Caspase activation during Haemophilus somnus lipooligosaccharide-mediated apoptosis of bovine endothelial cells.

Vasculitis is commonly seen during systemic Haemophilus somnus infections. Although, the mechanism of vascular damage is not completely understood, in a previous report we demonstrated that H. somnus and its lipooligosaccharide (LOS) induced apoptosis in bovine pulmonary artery endothelial cells in vitro.
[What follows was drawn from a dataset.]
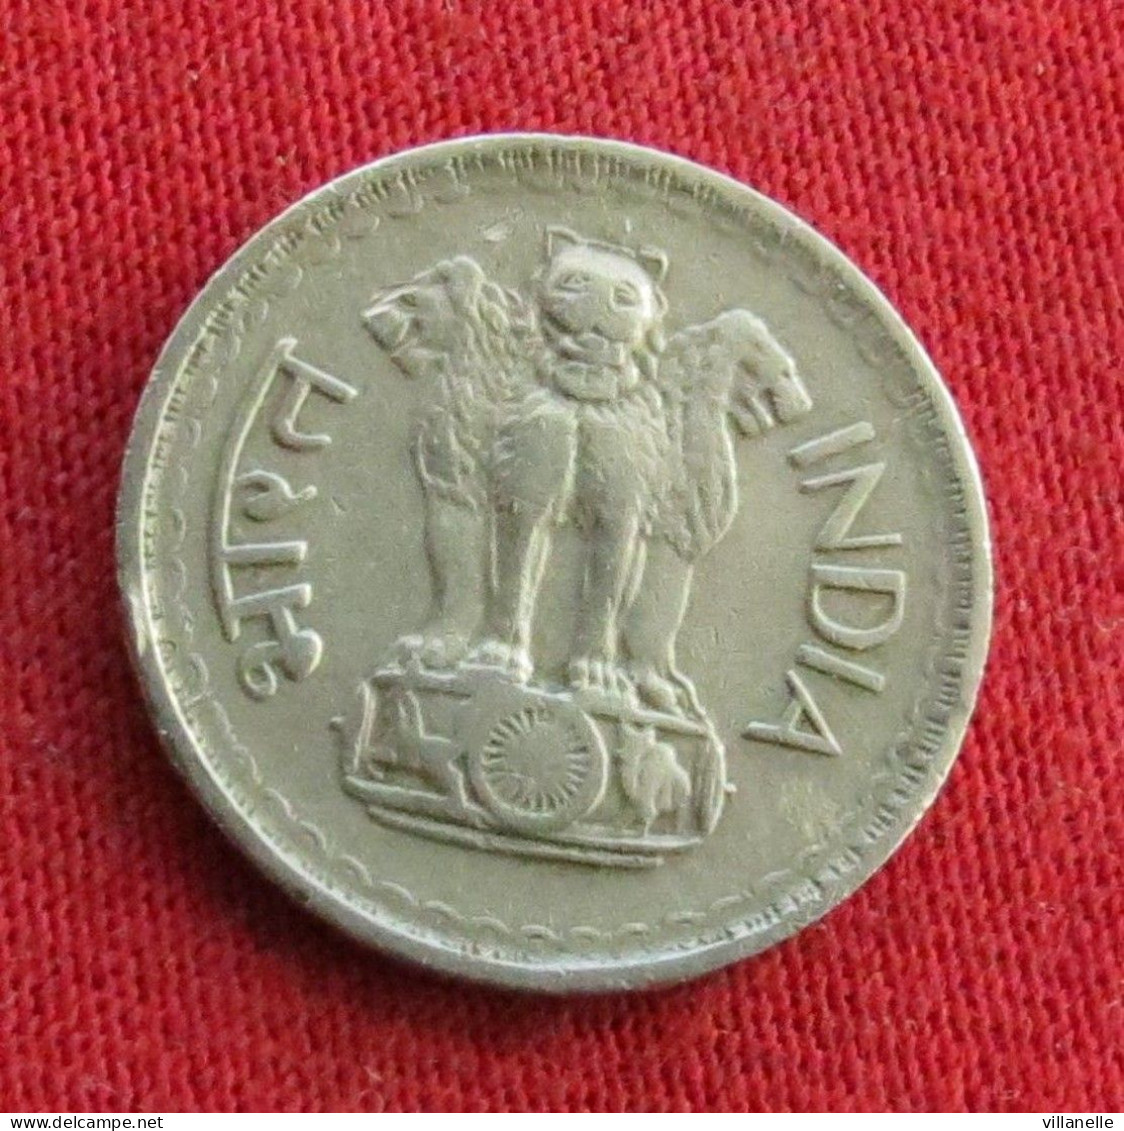 India 25 Paise 1972 C KM# 49 *VT Calcutta Mint  Inde Indien Indies Indie - Inde

In the present study, we investigated the role of caspase activation in LOS-mediated apoptosis of bovine endothelial cells. Exposure to H. somnus LOS induced caspase-3 activation and chromatin condensation in endothelial cells. These responses were blocked by the addition of a pan-caspase inhibitor (z-VAD-fmk) or capase-3 inhibitor (DEVD-fmk). Incubation of endothelial cells with H. somnus LOS also induced activation of the initiator caspases, caspases-8 and 9, with the activity of the former increasing more rapidly than the latter. Addition of a caspase-8 inhibitor (IETD-fmk) significantly reduced LOS-mediated apoptosis, whereas, addition of a caspase-9 inhibitor (LEHD-fmk) had little effect. These data suggest that LOS-mediated activation of caspase-3 and apoptosis of endothelial cells is caspase-8 dependent.